Only then the Court, if satisfied, will grant relief under Section 438 of the Code. To show the background of the case and the materials for the genuine apprehension, the Court may insist for the affidavit to be filed by the petitioner, if not at least through supporting affidavit by some person related to him, in order to enable the Court to decide whether to grant the relief sought for or not.

Section 438 is a procedural provision which is concerned with the personal liberty of an individual who is entitled to plead, innocence, since he is not on the date of application for exercise of power under Section 438 of the Code convicted for the offence in respect of which he seeks bail.

The applicant must show that he has ‘reason to believe’ that he may be arrested in a non-bailable offence. Use of the expression ‘reason to believe’ that he may be arrested in a non-bailable offence use of the expression ‘reason to believe’ shows that the applicant may be arrested must be founded on reasonable grounds.

Mere ‘fear’ is not belief for which reason it is not enough for the applicant to show that he has some sort of vague apprehension that someone is going to make an accusation against him in pursuance of which he may be arrested. Grounds on which the belief on the application is based that he may be arrested in non-bailable offence must be capable of being examined.

If an application is made to the High Court or the Court of Session, it is for the Court concerned to decide whether a case has been made out of for granting the relief sought. The provisions cannot be invoked after arrest of the accused.

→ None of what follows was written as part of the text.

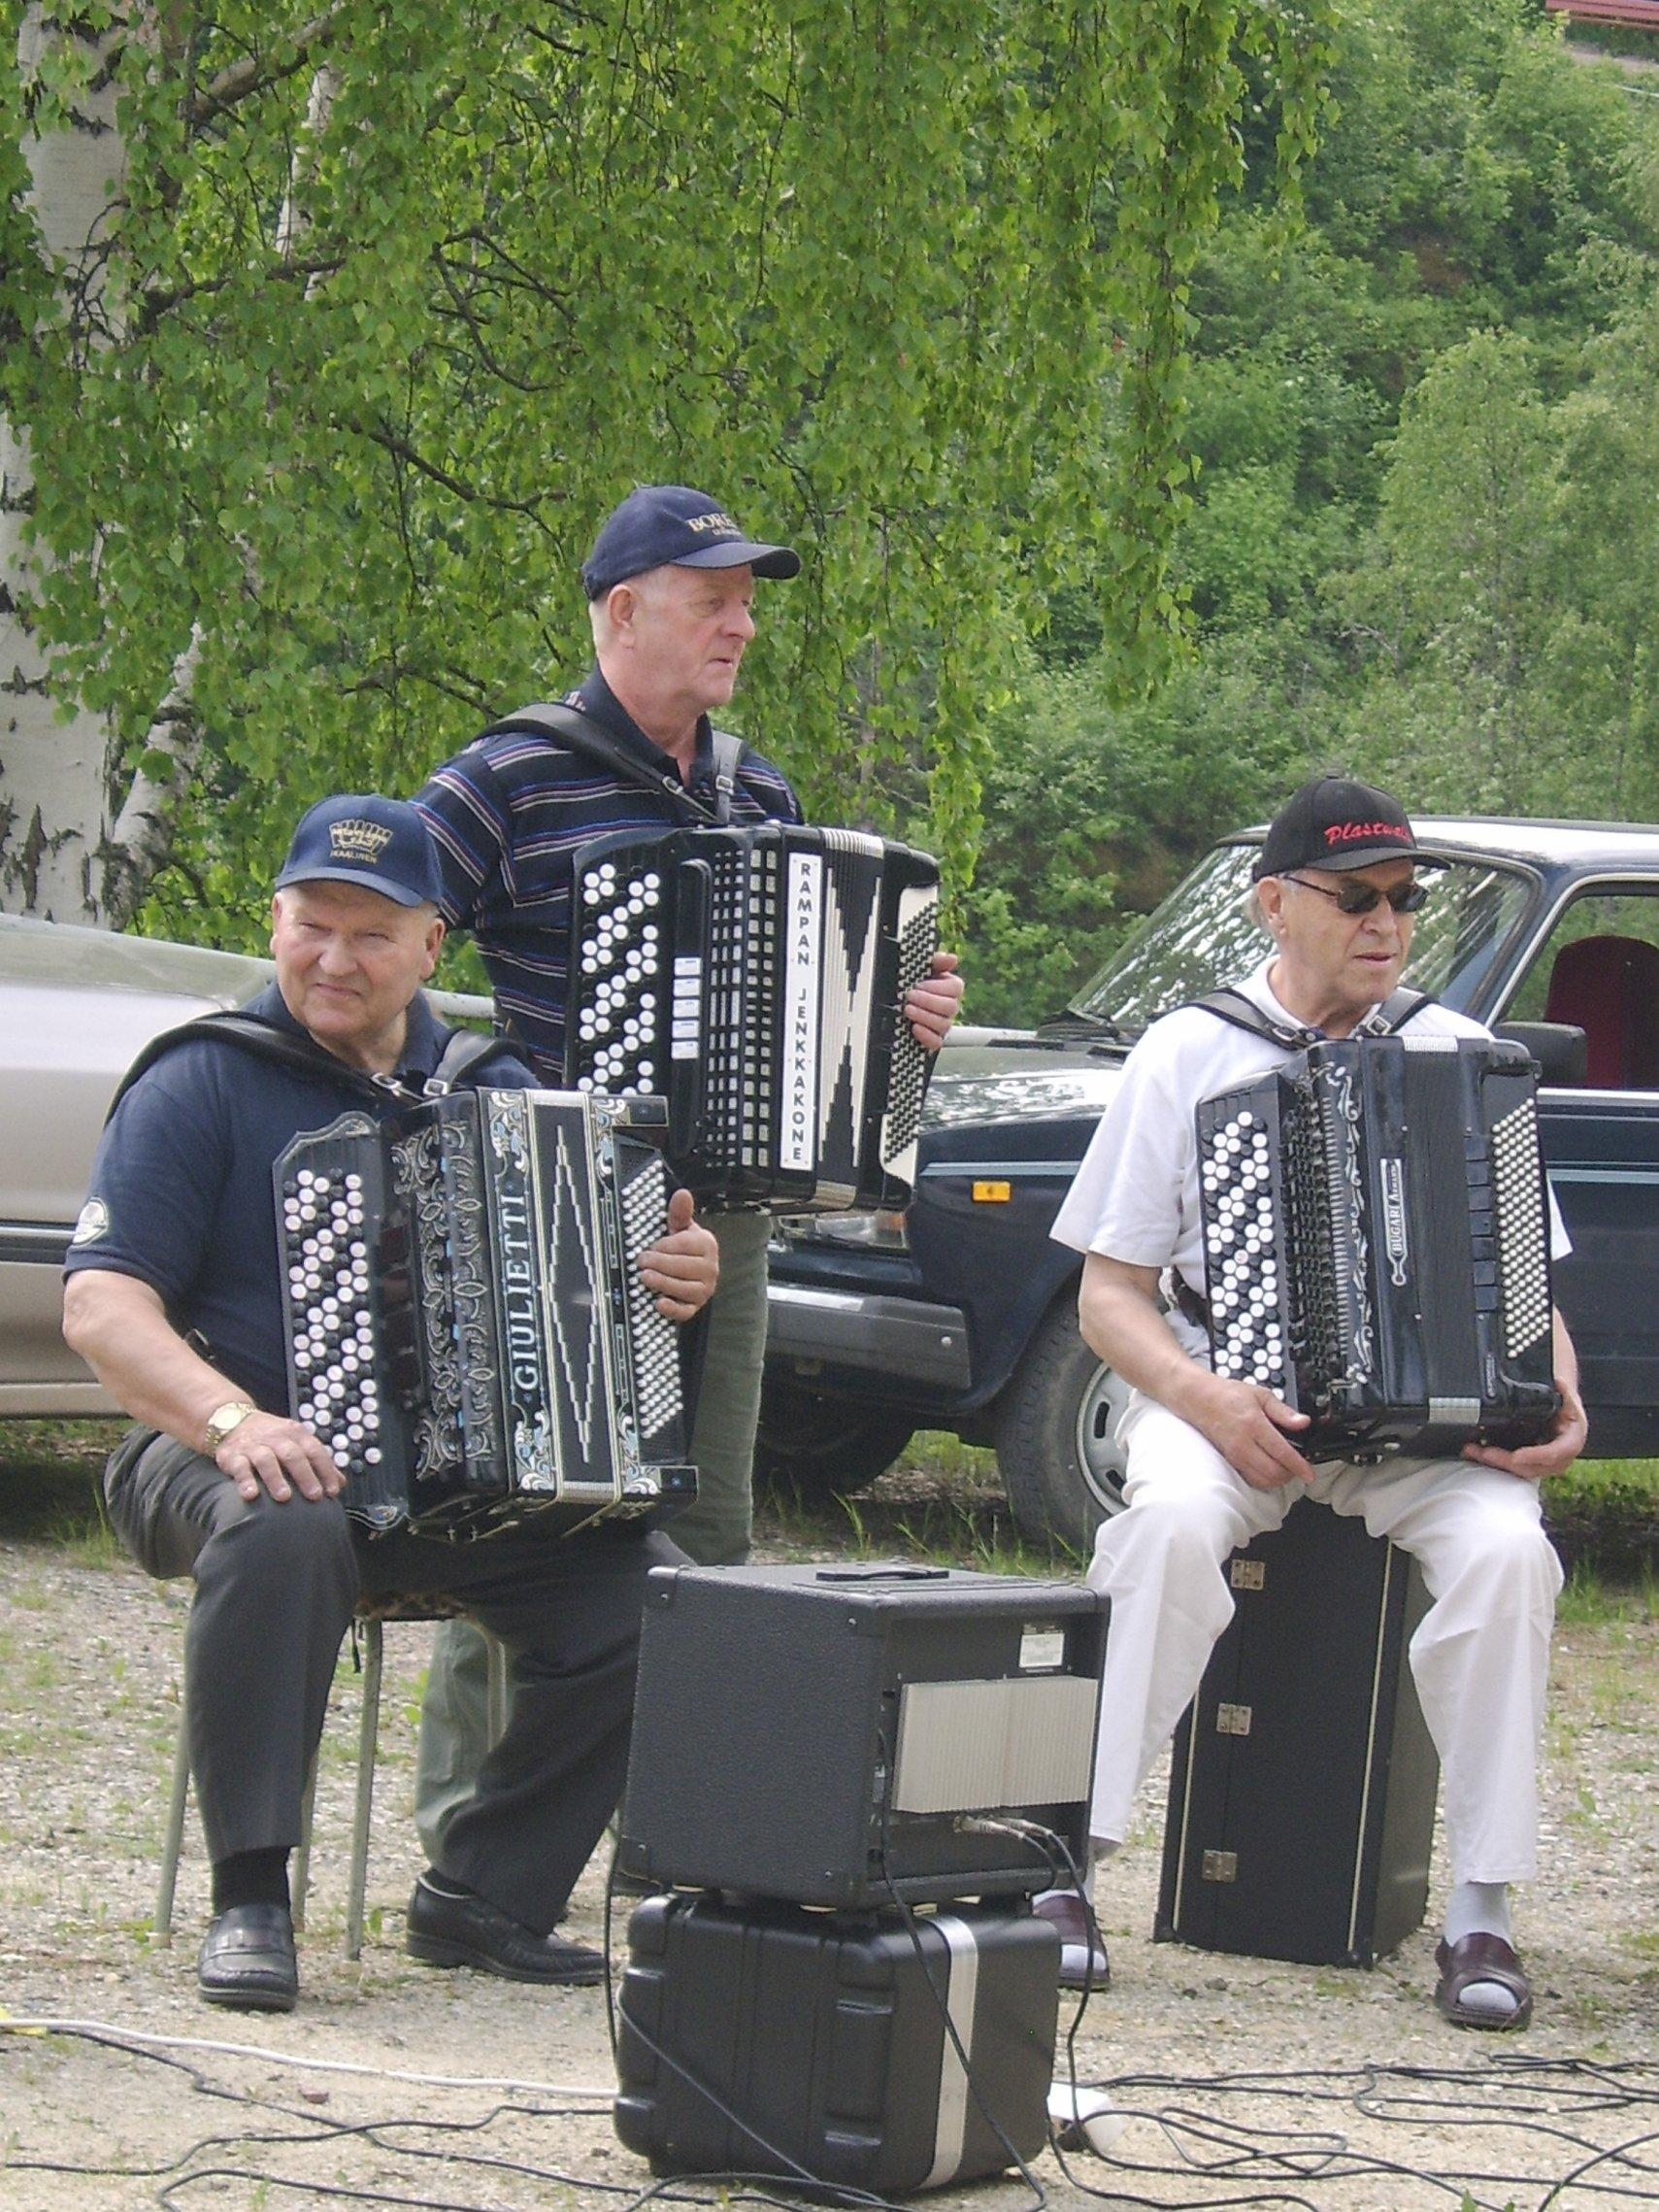 Tervansoutunäytöksen pelimanneja Sulo, Raimo ja Pertti

As the power under Section 438 of the Code being rather of an unusual nature, it is entrusted only to the higher echelons of judicial service, namely, a Court of Session and the High Court.

Though Section 438 of the Code gives concurrent powers to High Court and Court of Session, it is normally to be presumed that the Court of Session would be first approached for the grant of anticipatory bail unless an adequate case for not approaching the said Court has been made out.

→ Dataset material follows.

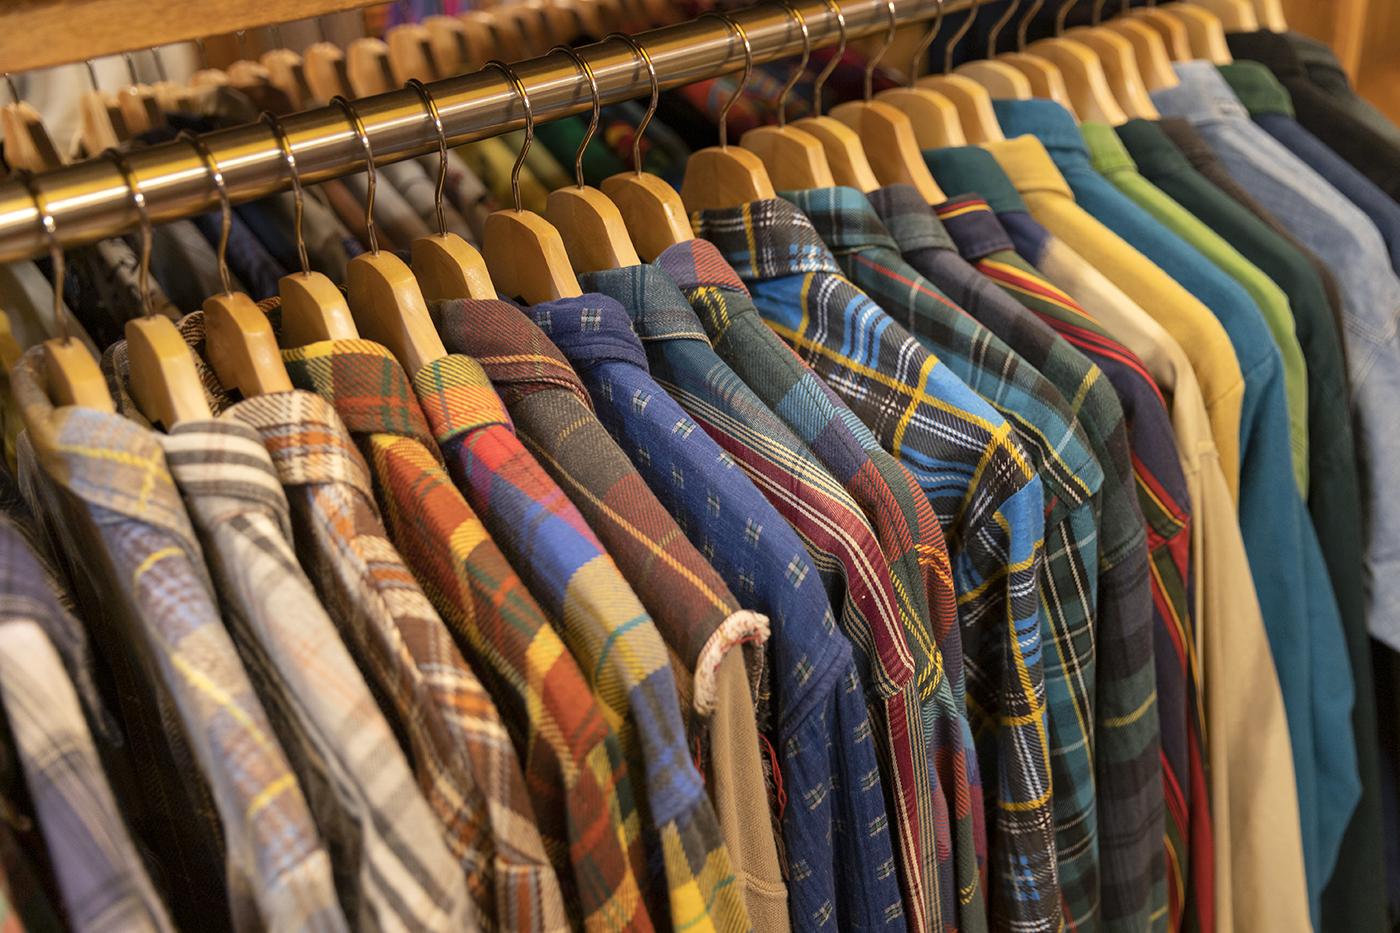 古着屋「chuple」内でハンガーラックに掛かったシャツ。

It is not always necessary that the Session Judge should be approached first. If the petition for anticipatory bail has been rejected by the Sessions Court, the petitioner cannot approach the High Court asking for anticipatory bail on the same ground.

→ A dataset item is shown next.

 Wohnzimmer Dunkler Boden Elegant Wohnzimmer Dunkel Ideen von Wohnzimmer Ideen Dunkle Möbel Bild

However, the Division Bench of the Karnataka High Court held that a petition under Section 438 of the Code is maintainable before the High Court even if a similar application has been made and rejected by the Court of Session as, in the hierarchy, Court of Session is subordinate to the High Court, a party who makes an application under Section 438 of the Code before the Sessions Court, could approach the High Court if his application has been rejected by the Court of Session, but not vice versa.

Section 438 of the Code does not make any specific provision for issuing notice to the public prosecutor and hearing the public prosecutor by the Court before granting anticipatory bail. However, the Supreme Court decided that notice should be issued to the public prosecutor or the Government Advocate before granting final anticipatory bail.

It has been held that in order to avoid the possibility of the person hampering investigation, the High Court or the Court of Sessions may impose such conditions as it thinks fit while admitting him to anticipatory bail.

Anticipatory bail granted by the High Court can only be cancelled under Section 439(2) of the Code. It has been held that when an anticipatory b.ail is granted on giving full hearing to the public prosecutor and repeated attempts to have it cancelled have failed, it cannot be cancelled unless fresh material are placed and the conditions for cancellation of bail as provided under Section 439(2) are fulfilled. Bail once granted should not be cancelled in a mechanical manner.